Starting with the smallest infinite ordinal omega, we can look for
points where there's
a jump in complexity.  Omega + 1  is a a successor ordinal; so it's
ordinary.  Same
for omega + n,  n<omega.  Next, omega+omega seems no more complex than
omega.
So, after a while, we get to omega^2  .  It's a limit ordinal, so maybe
it's more
complex than omega.  But omega+omega is also a limit ordinal, and I feel
it's
no more complex than omega.  So if  alpha is some infinite ordinal,
say we define
(a) an alpha half-interval as:
       any non-empty subset of alpha of the form:  { delta in alpha such
that delta>= beta}
       for some  beta<alpha.

For omega^2,  and a beta<omega^2,  { beta, beta+1, .... w^30, ...
w^10000000  ... }
is an example of a half interval, a bit like  the half-line [3, oo[  in
the set R of real
numbers.

(b) an alpha interval (? "proper interval" ? ) is:
     any non-empty subset of alpha of the form:
       { delta in alpha such that  gamma>delta>= beta}, some beta, gamma
< alpha.

For omega^2, we have proper intervals:
[ w, w+w[     :=  { delta: omega<=delta< omega+omega},
[ w*n,  w*(n+1)[      or  [omega*n, omega*(n+1) [  for some integer n>1 .

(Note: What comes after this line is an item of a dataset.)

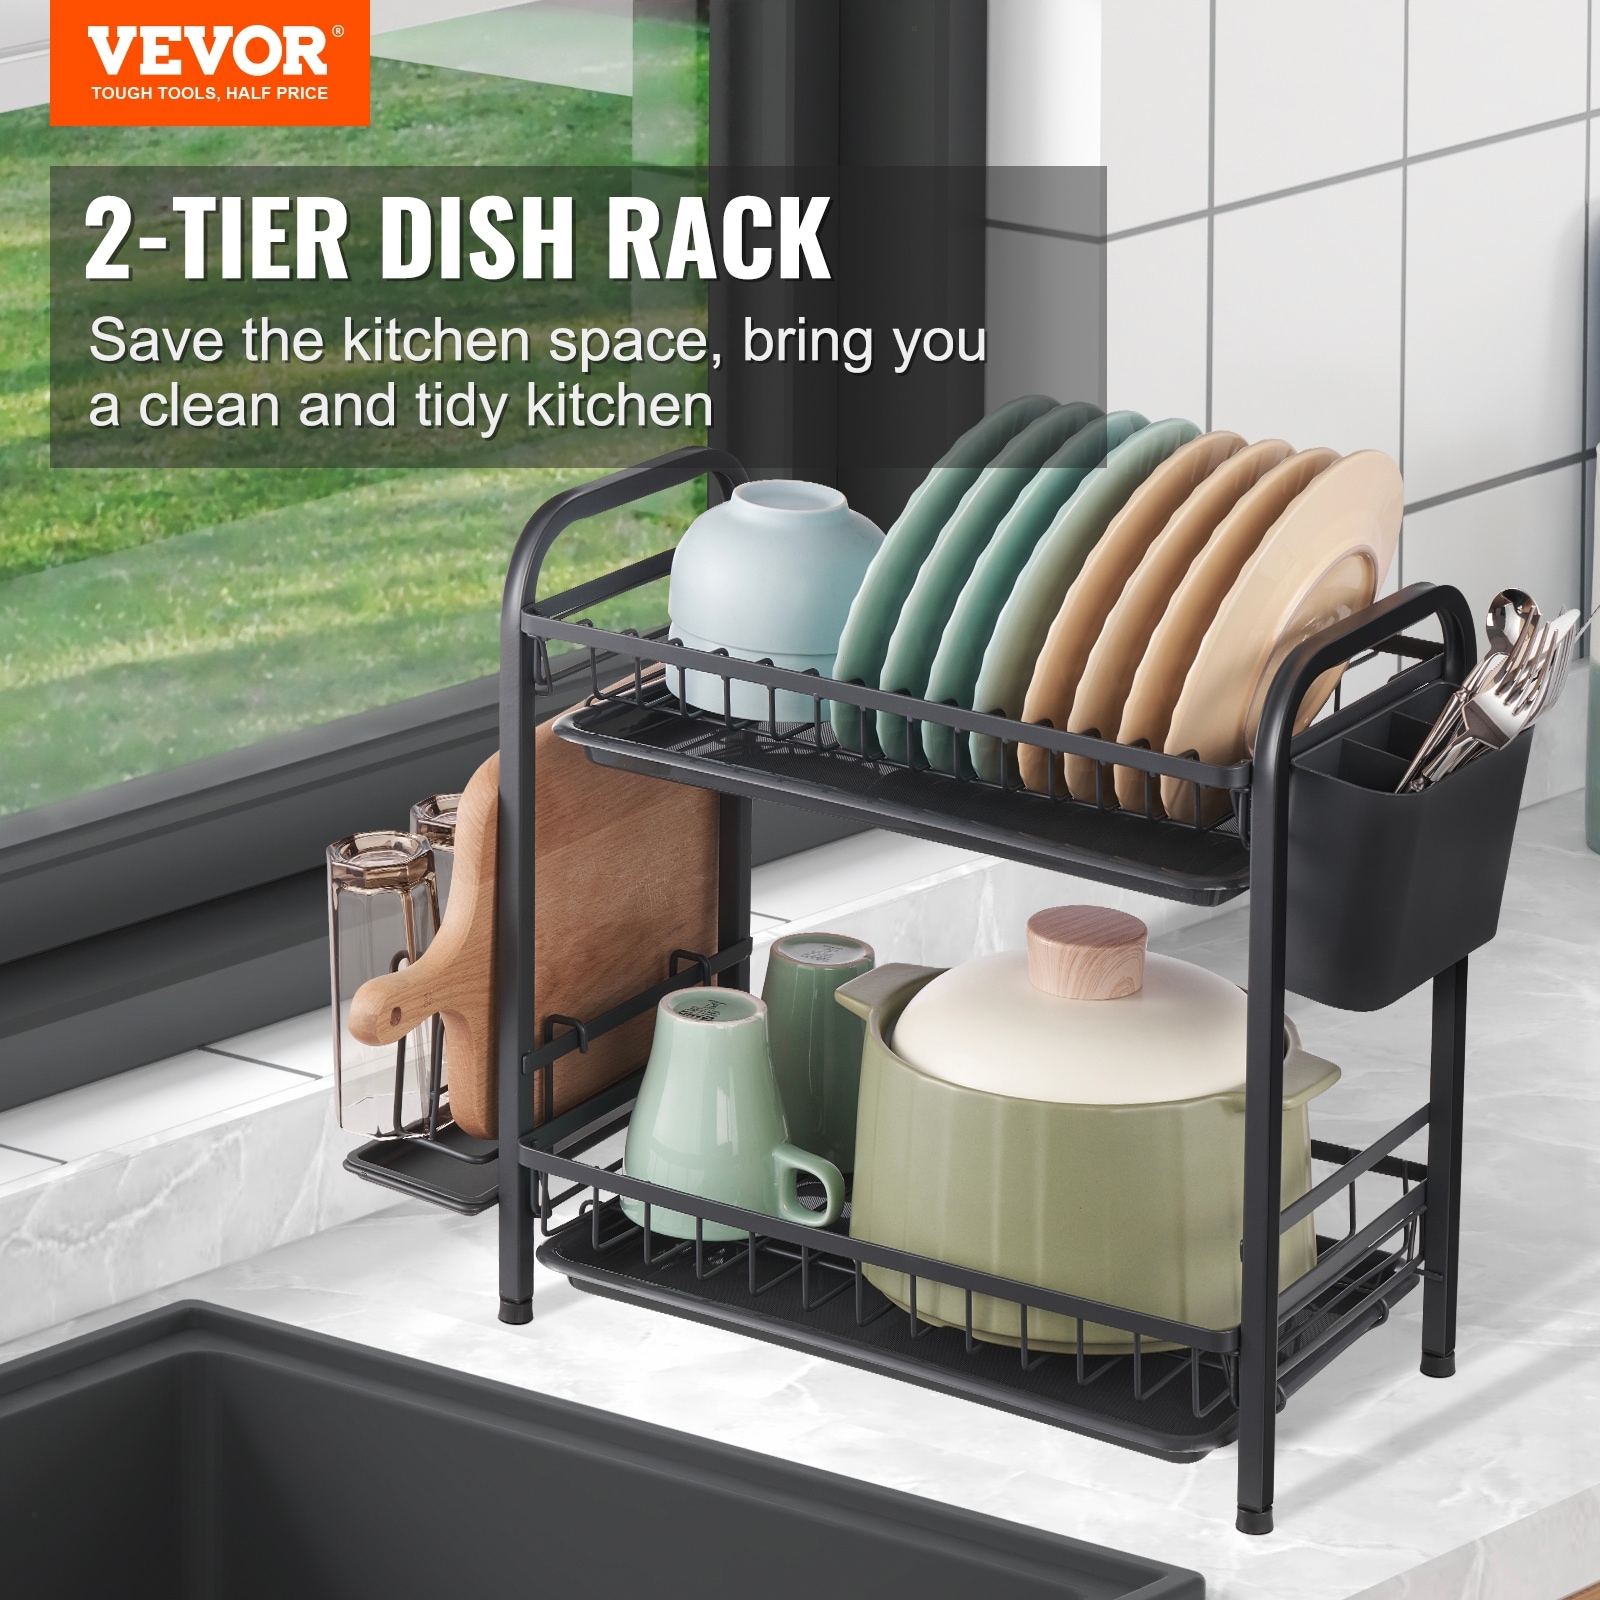 https://ak1.ostkcdn.com/images/products/is/images/direct/0c09fcbfa91ceed8903b74c2b47d37e00bae7e81/VEVOR-2-Tier-Dish-Drying-Rack-Large-Capacity-Drainer-Carbon-Steel-Kitchen-Utensil-Holder.jpg

Does there exist a half open interval A of omega^2 and a
//    property J
proper interval B of omega^2 such that A and B are order-isomorphic ?

I don't think so: B will always be made up of a finite number of copies of
omega followed by nothing, or a positive integer.

It seems on the other hand A will always
(%%)
be order-isomorphic to omega^2 (cf. definition (a) ).         (%%)

Omega^2 fails to have order-isomorphic A, B as asked for next to
"property J" above.  J is for jump, a jump in complexity. So
we say omega^2 has property J.

Next, after omega^2, I think the next ordinal with "property J" is
omega^3 .  After that,  omega^4,  omega^5, omega^6, omega^7 and so on ...
After all the omega^n for n  = 1, 2, 3  ...  [positive integers ],  I
guess we're
landed at omega^omega as the next smallest ordinal with "property J".

It seems intuitively that we now have to sort of "think out of the box"
and come up with something new ...

Does  omega^(omega^2)  have "property J"  ?
If this depends only on the "half-intervals", as in (%%)  above, that
simplifies things somewhat.

I would imagine that logicians who work in Proof theory, who
are used to large countable ordinals, might have thought
about similar problems.  Or maybe those in recursion theory...

David Bernier

The recursive ordinals are less complex than the non-recursive ordinals.

----

In article <68Qsk.6119$fA6.16...@wagner.videotron.net>,
David Bernier  <david...@videotron.ca> wrote:

Check out the definition of a "regular ordinal," e.g., see

  http://en.wikipedia.org/wiki/Cofinality

This is not exactly the same as your definition, but it's close.
--
Tim Chow       tchow-at-alum-dot-mit-dot-edu
The range of our projectiles---even ... the artillery---however great, will
never exceed four of those miles of which as many thousand separate us from
the center of the earth.  ---Galileo, Dialogues Concerning Two New Sciences

On Aug 26, 3:36 am, David Bernier <david...@videotron.ca> wrote:
|Does there exist a half open interval A of omega^2 and a
|//    property J
|proper interval B of omega^2 such that A and B are order-isomorphic ?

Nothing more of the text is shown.